WHAT IS EXPECTED :: Copy the data below in full, exactly as it appears.

◇ ◇ ◇ ◇

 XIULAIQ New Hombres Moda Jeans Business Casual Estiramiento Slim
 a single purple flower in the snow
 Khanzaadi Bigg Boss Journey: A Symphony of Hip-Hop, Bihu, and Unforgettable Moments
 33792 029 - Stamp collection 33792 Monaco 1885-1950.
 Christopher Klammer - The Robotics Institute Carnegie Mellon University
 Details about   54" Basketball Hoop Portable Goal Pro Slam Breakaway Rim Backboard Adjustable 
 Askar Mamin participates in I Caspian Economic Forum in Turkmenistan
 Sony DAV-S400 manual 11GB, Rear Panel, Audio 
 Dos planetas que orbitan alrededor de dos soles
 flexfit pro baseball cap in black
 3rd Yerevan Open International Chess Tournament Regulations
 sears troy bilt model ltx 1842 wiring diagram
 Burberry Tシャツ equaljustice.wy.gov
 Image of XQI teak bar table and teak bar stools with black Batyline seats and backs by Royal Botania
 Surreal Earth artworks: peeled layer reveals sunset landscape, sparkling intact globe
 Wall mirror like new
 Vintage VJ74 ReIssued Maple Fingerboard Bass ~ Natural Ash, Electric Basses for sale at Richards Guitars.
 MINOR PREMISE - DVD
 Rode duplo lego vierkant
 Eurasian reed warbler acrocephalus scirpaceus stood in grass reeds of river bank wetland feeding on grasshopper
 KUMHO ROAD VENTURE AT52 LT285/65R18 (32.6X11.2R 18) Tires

◇ ◇ ◇ ◇

RESPONSE TO THIS TASK ::
 XIULAIQ New Hombres Moda Jeans Business Casual Estiramiento Slim
 a single purple flower in the snow
 Khanzaadi Bigg Boss Journey: A Symphony of Hip-Hop, Bihu, and Unforgettable Moments
 33792 029 - Stamp collection 33792 Monaco 1885-1950.
 Christopher Klammer - The Robotics Institute Carnegie Mellon University
 Details about   54" Basketball Hoop Portable Goal Pro Slam Breakaway Rim Backboard Adjustable 
 Askar Mamin participates in I Caspian Economic Forum in Turkmenistan
 Sony DAV-S400 manual 11GB, Rear Panel, Audio 
 Dos planetas que orbitan alrededor de dos soles
 flexfit pro baseball cap in black
 3rd Yerevan Open International Chess Tournament Regulations
 sears troy bilt model ltx 1842 wiring diagram
 Burberry Tシャツ equaljustice.wy.gov
 Image of XQI teak bar table and teak bar stools with black Batyline seats and backs by Royal Botania
 Surreal Earth artworks: peeled layer reveals sunset landscape, sparkling intact globe
 Wall mirror like new
 Vintage VJ74 ReIssued Maple Fingerboard Bass ~ Natural Ash, Electric Basses for sale at Richards Guitars.
 MINOR PREMISE - DVD
 Rode duplo lego vierkant
 Eurasian reed warbler acrocephalus scirpaceus stood in grass reeds of river bank wetland feeding on grasshopper
 KUMHO ROAD VENTURE AT52 LT285/65R18 (32.6X11.2R 18) Tires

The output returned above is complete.